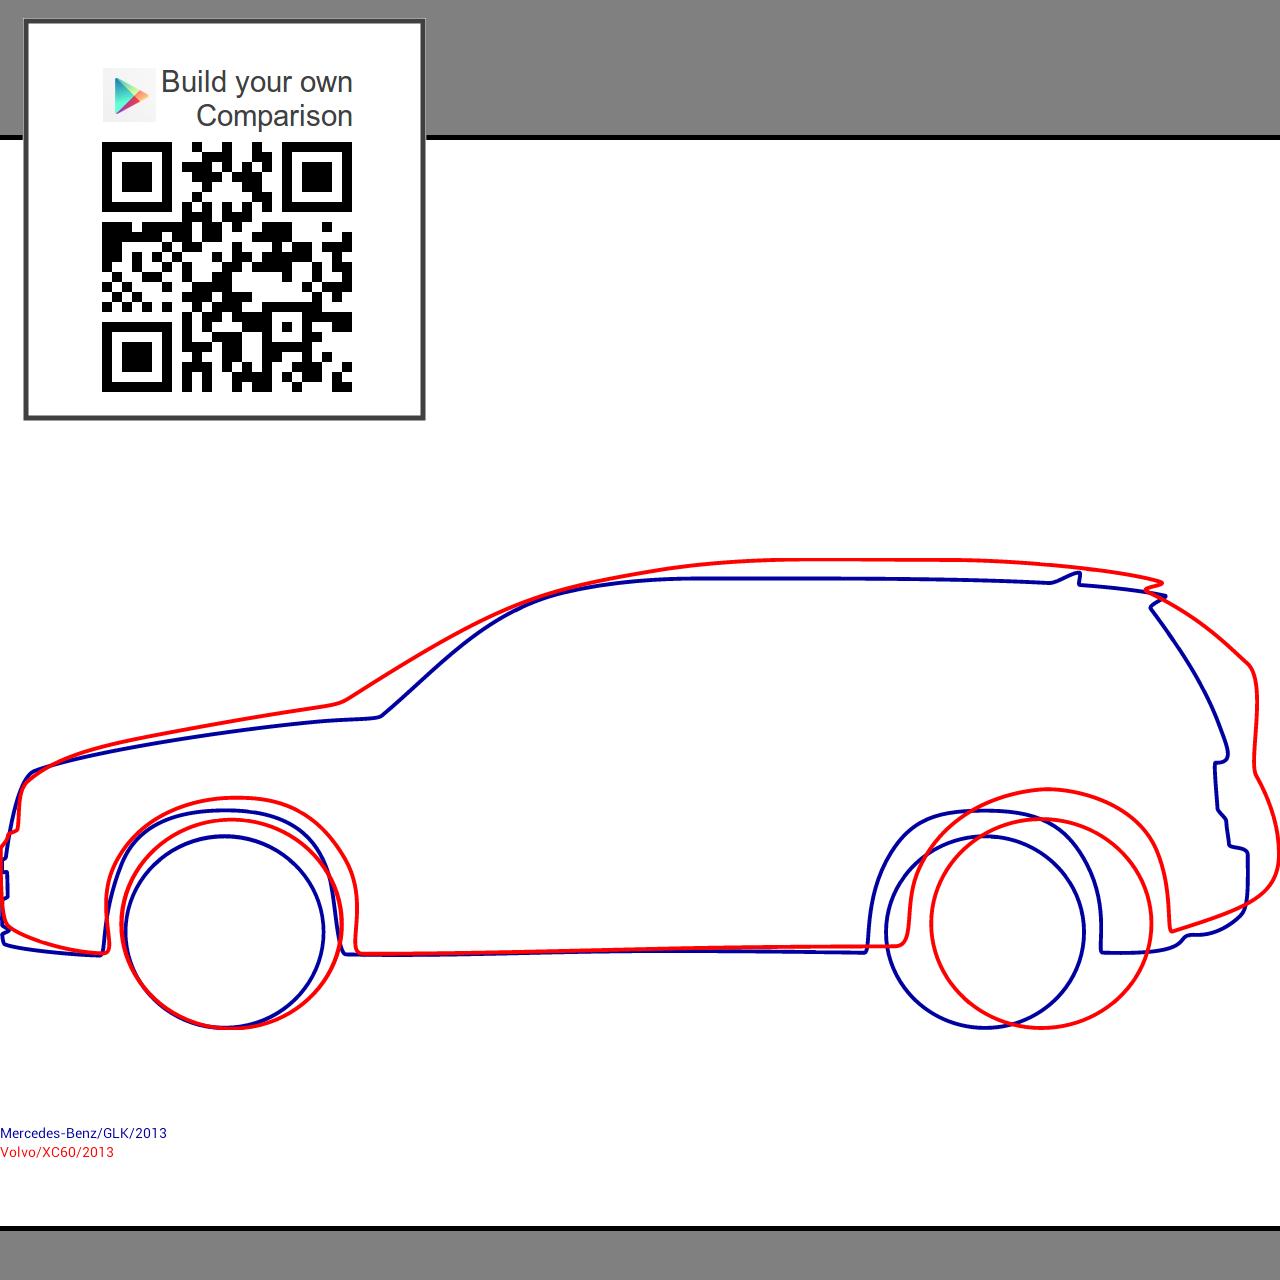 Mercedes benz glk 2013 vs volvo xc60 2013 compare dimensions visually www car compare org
------------------------------------------------------------
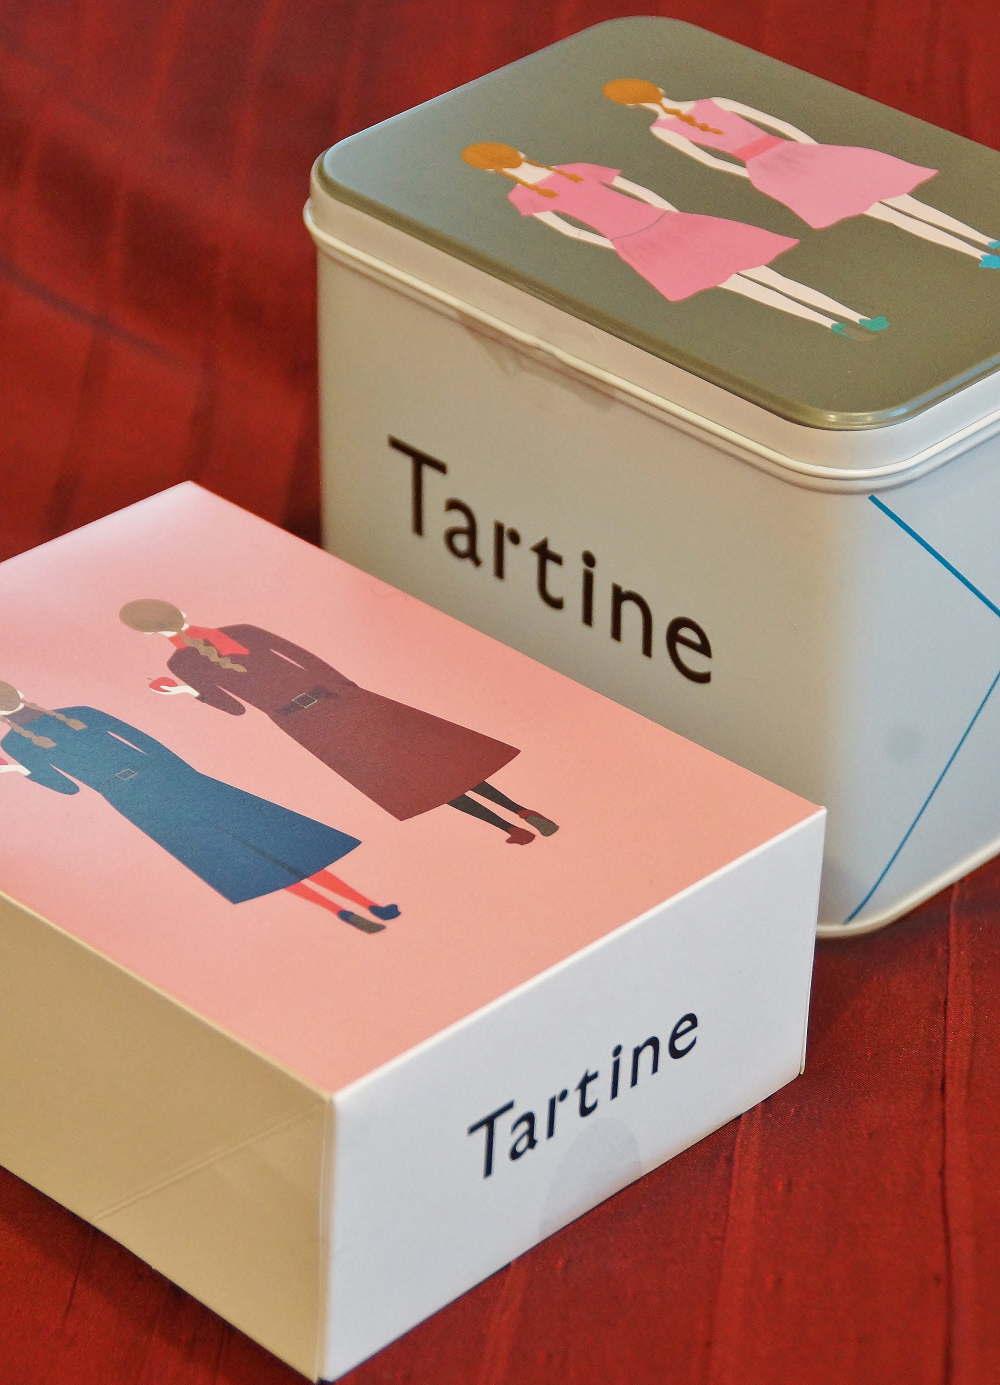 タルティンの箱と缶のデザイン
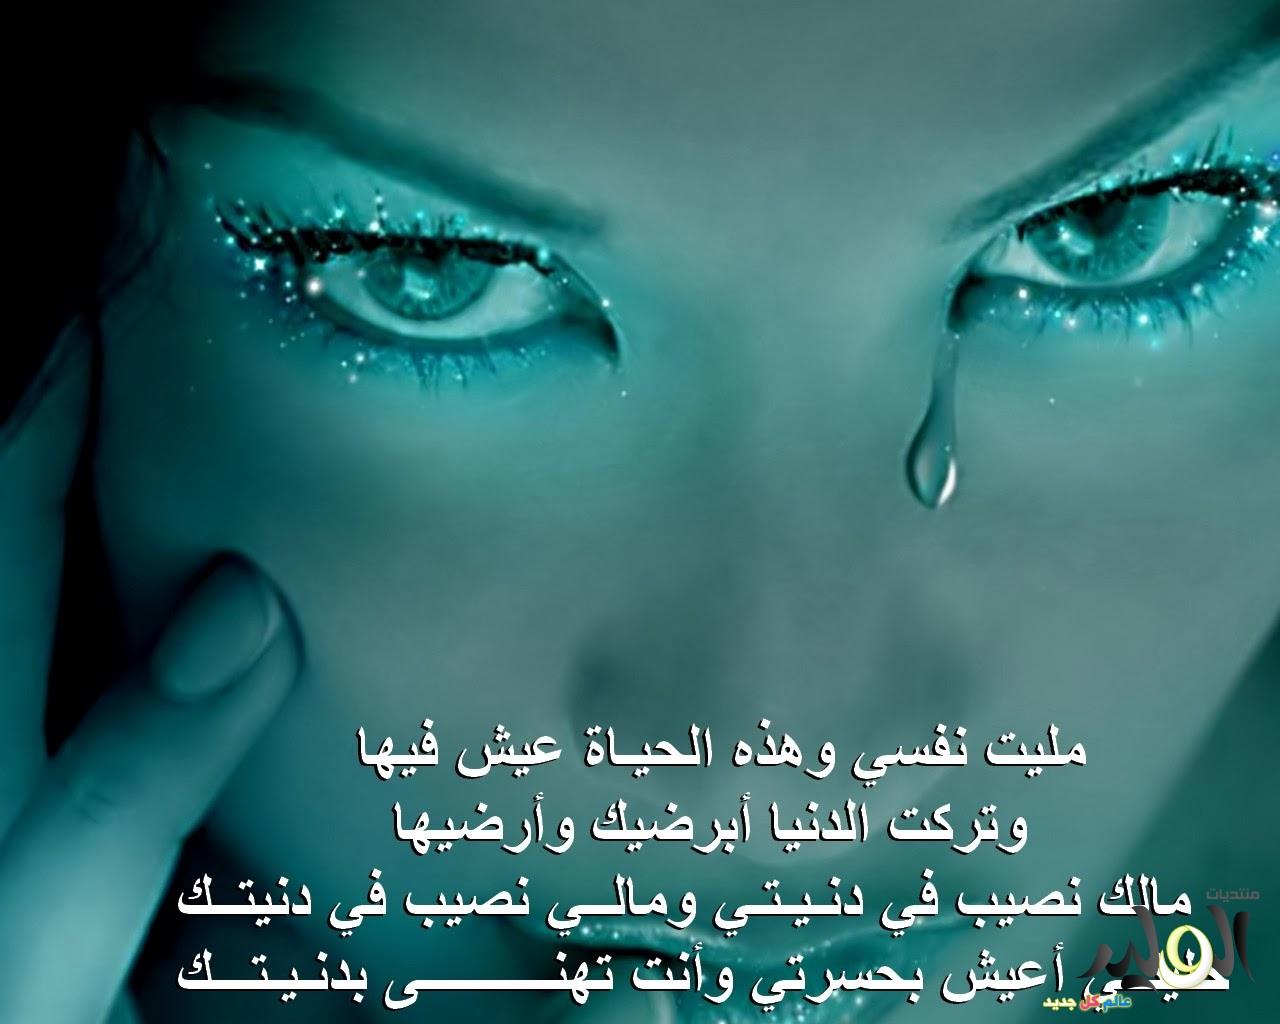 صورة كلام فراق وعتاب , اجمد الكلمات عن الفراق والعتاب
------------------------------------------------------------
Take the material above from the line bearing "タルティンの箱と缶のデザイン" through the line bearing "صورة كلام فراق" and write it out exactly, both end lines included. Pictures stay out.

Answer for the task ->
 タルティンの箱と缶のデザイン
 صورة كلام فراق وعتاب , اجمد الكلمات عن الفراق والعتاب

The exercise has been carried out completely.